ASSIGNMENT: Restate the listing below line for line and word for word, without the pictures.

INPUT DATA:

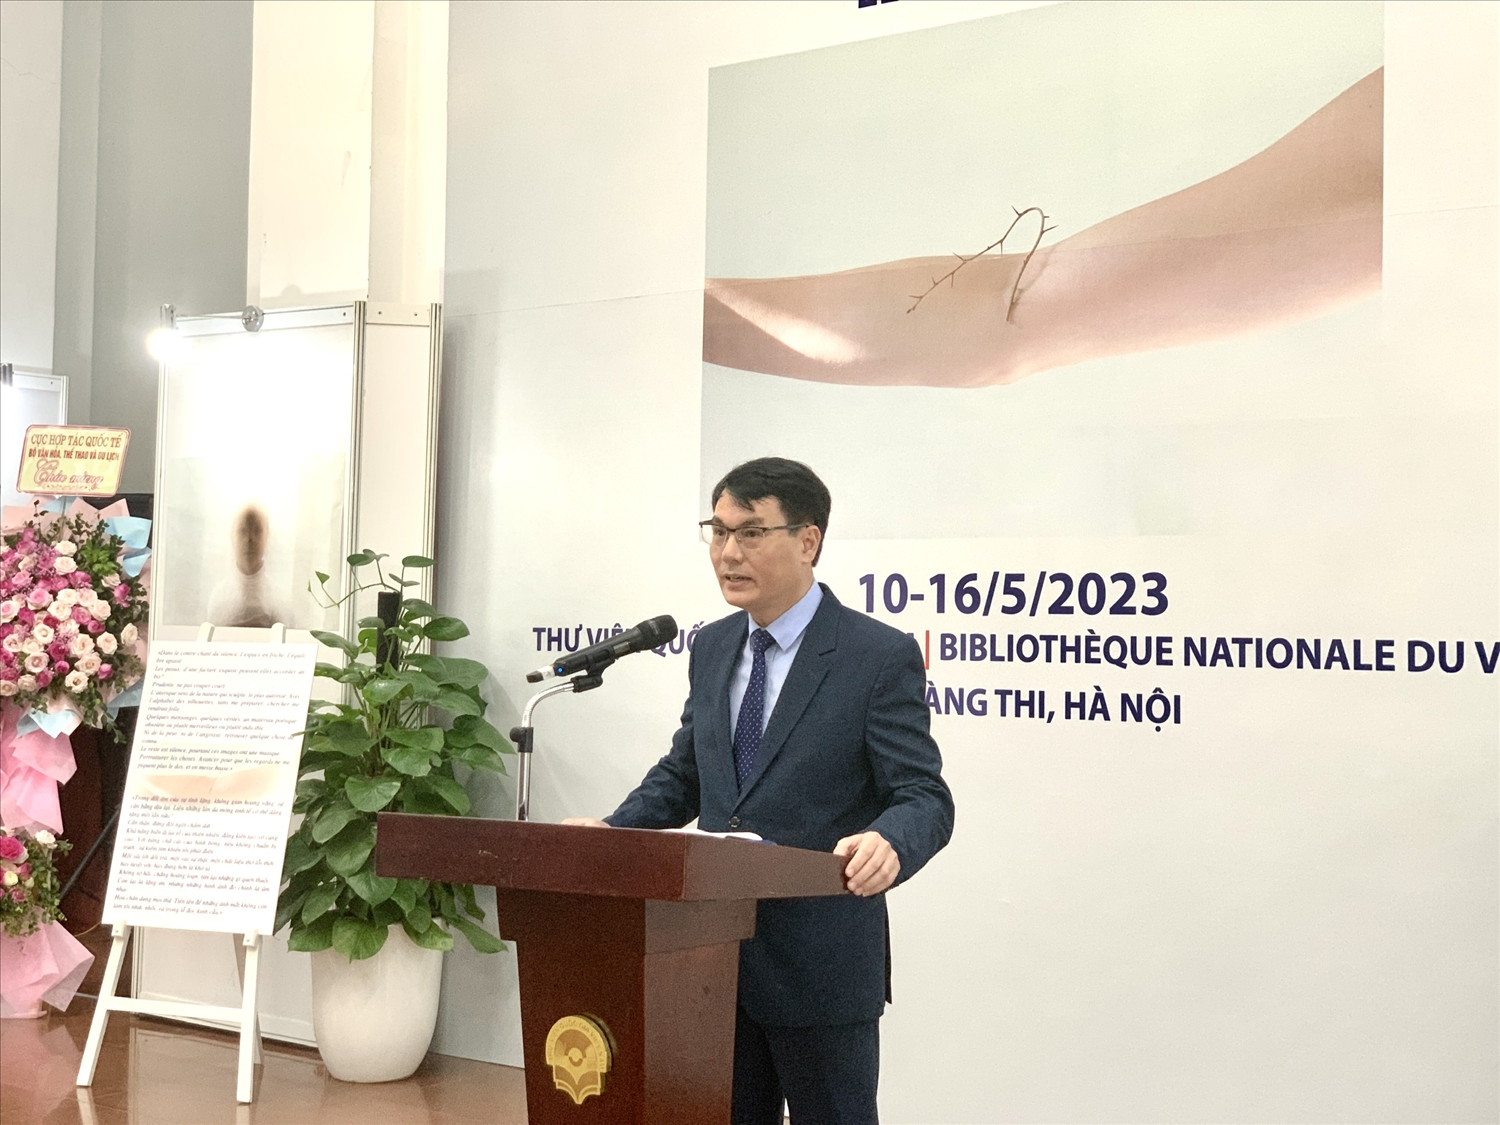 Ông Nguyễn Xuân Dũng, Quyền Giám đốc Thư viện Quốc gia Việt Nam phát biểu tại Lễ khai mạc
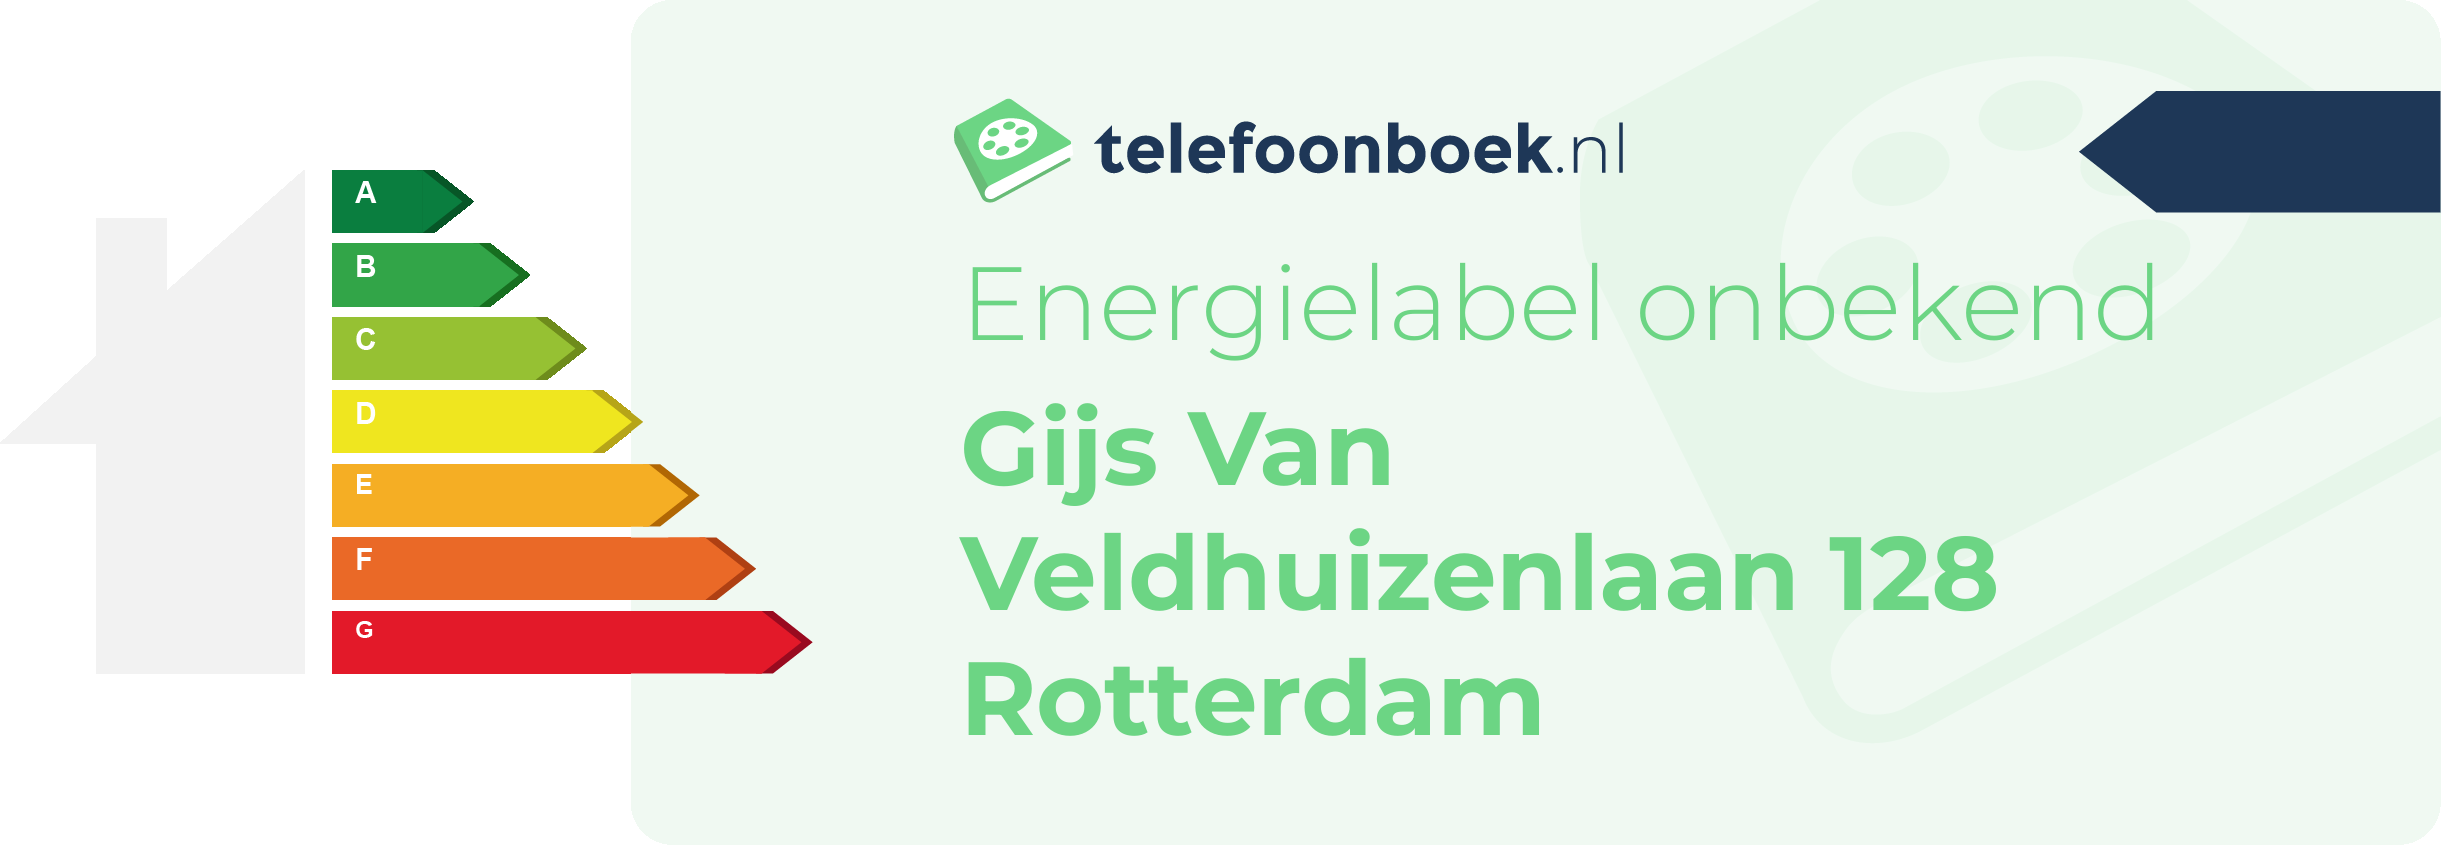 Energielabel Gijs Van Veldhuizenlaan 128 Rotterdam
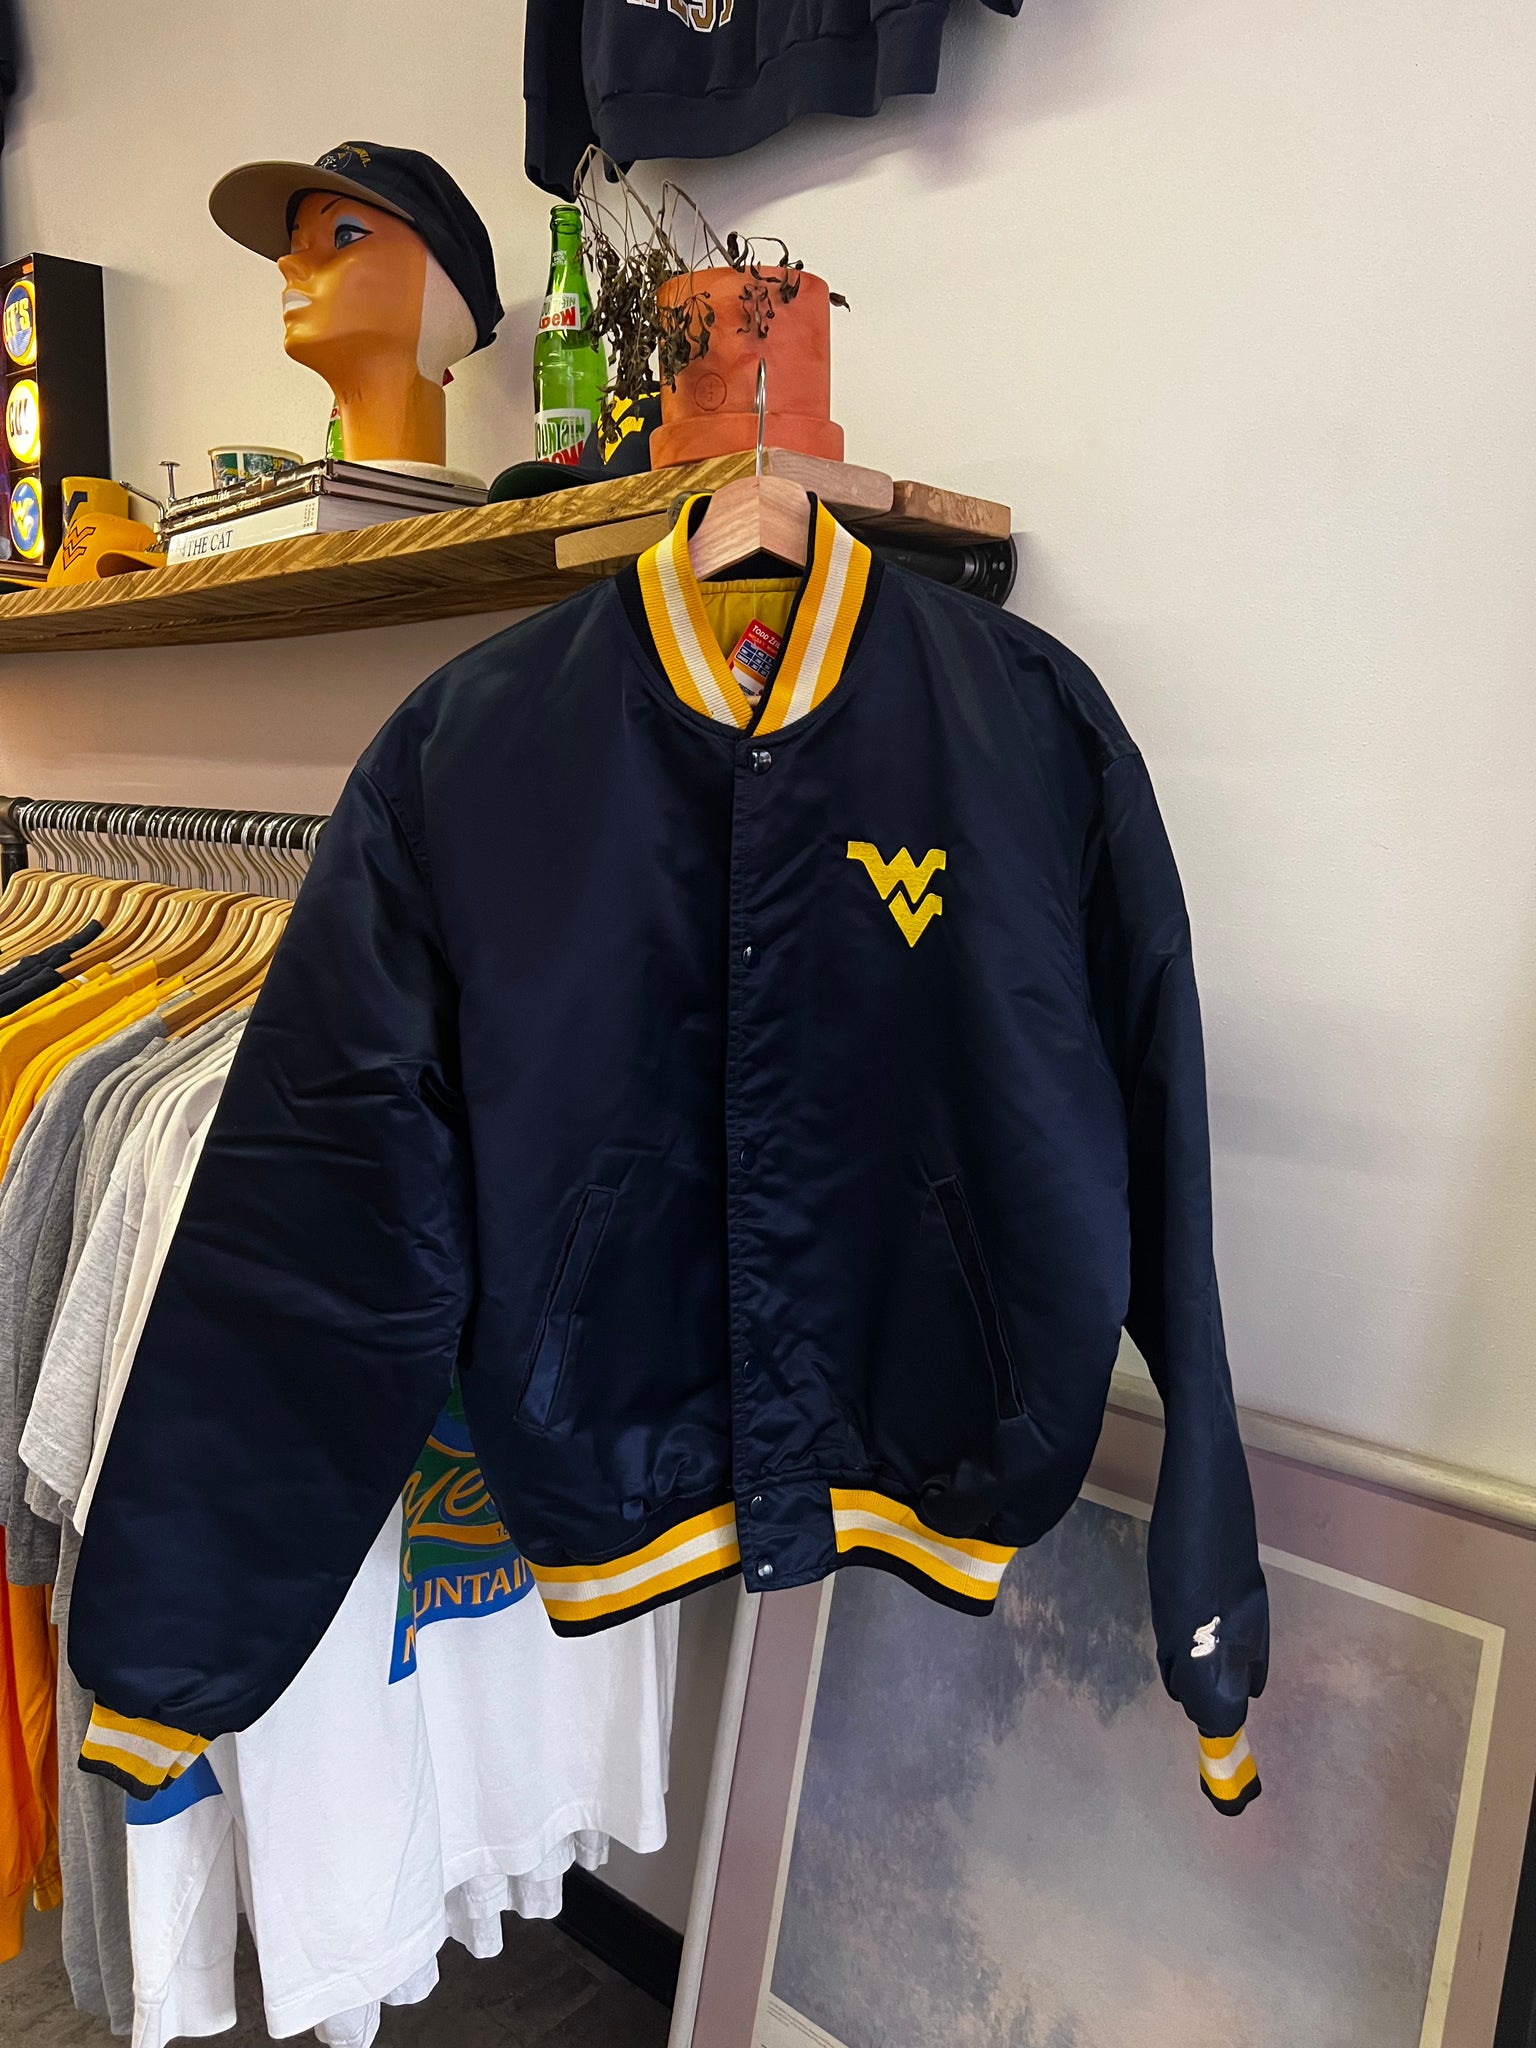 Vintage 80s WVU Embroidered Logo Starter Satin Jacket
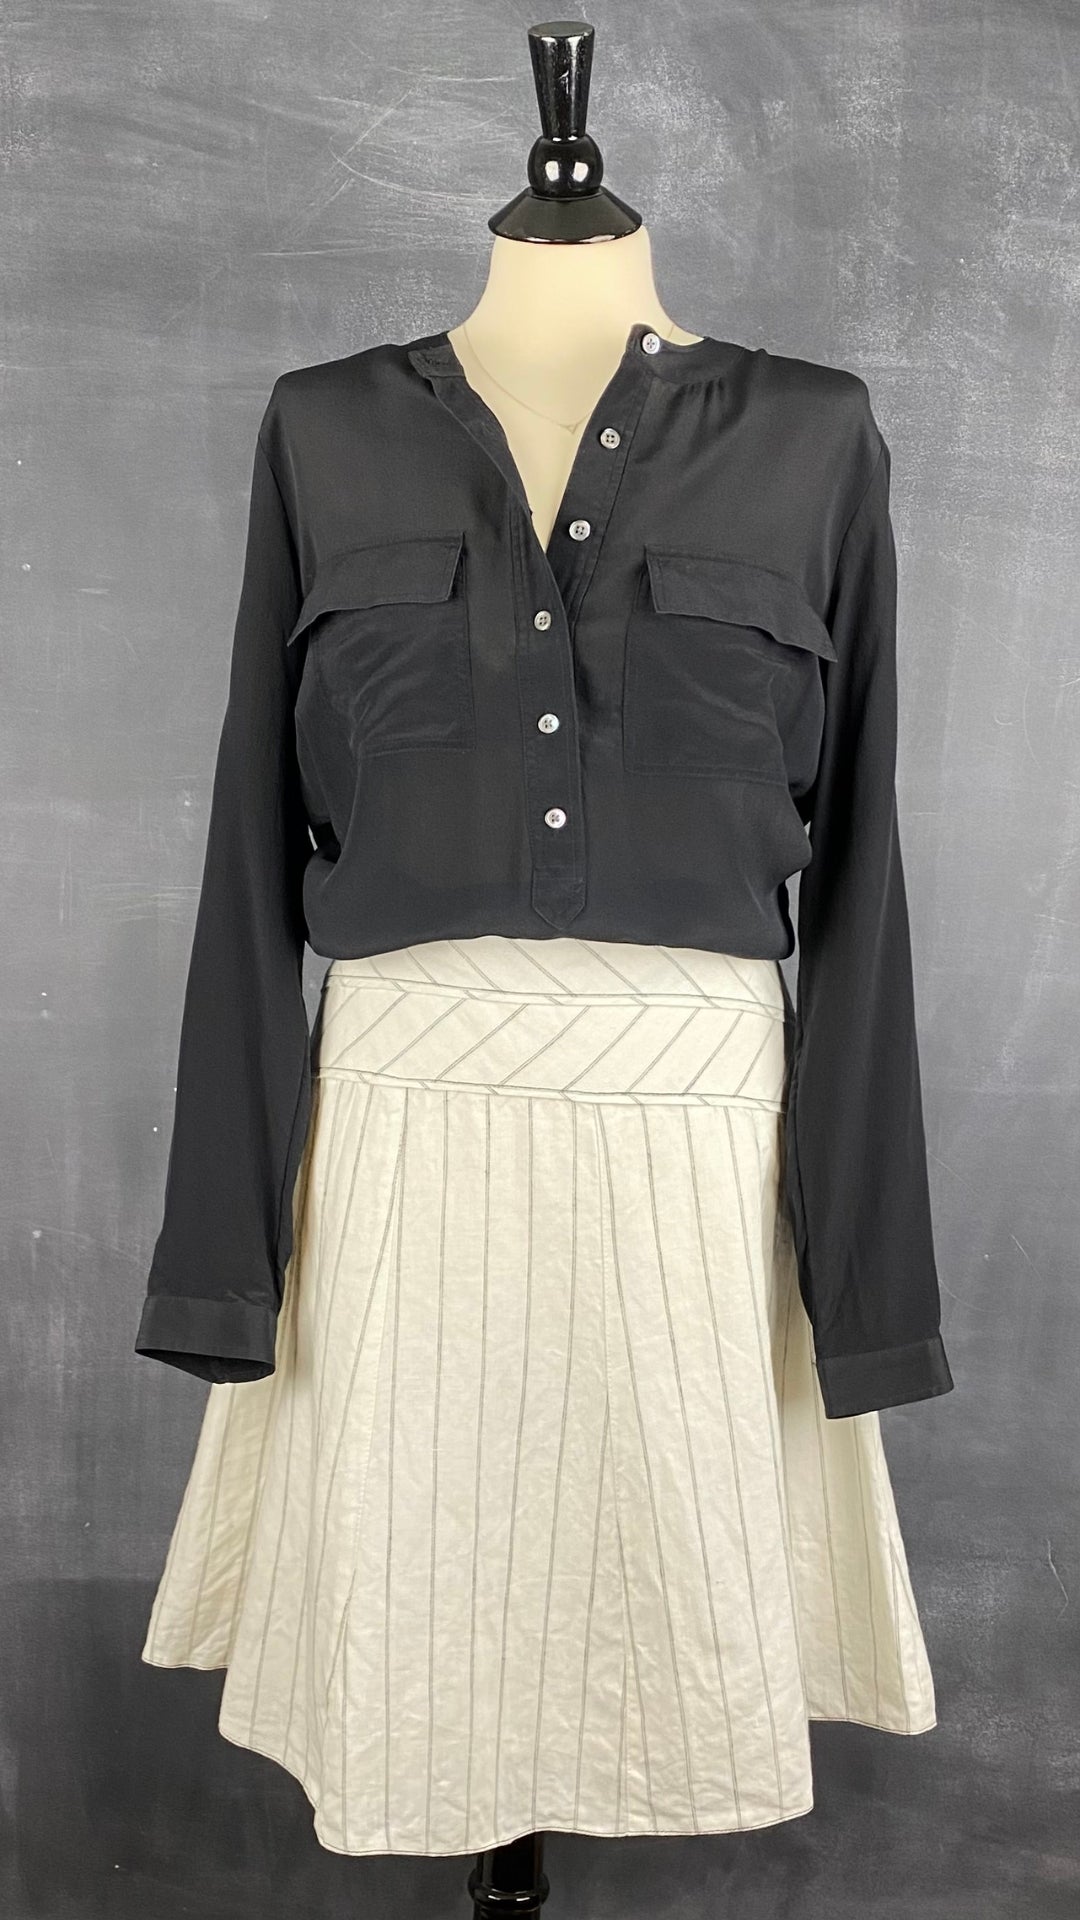 Jupe circulaire à rayures en lin Sandra Angelozzi, taille estimée à large. Vue de l'agencement avec la blouse en soie noire.

PROBLEM SOLUTION:
 Ông Nguyễn Xuân Dũng, Quyền Giám đốc Thư viện Quốc gia Việt Nam phát biểu tại Lễ khai mạc
 Energielabel Gijs Van Veldhuizenlaan 128 Rotterdam
 Vintage 80s WVU Embroidered Logo Starter Satin Jacket
 Jupe circulaire à rayures en lin Sandra Angelozzi, taille estimée à large. Vue de l'agencement avec la blouse en soie noire.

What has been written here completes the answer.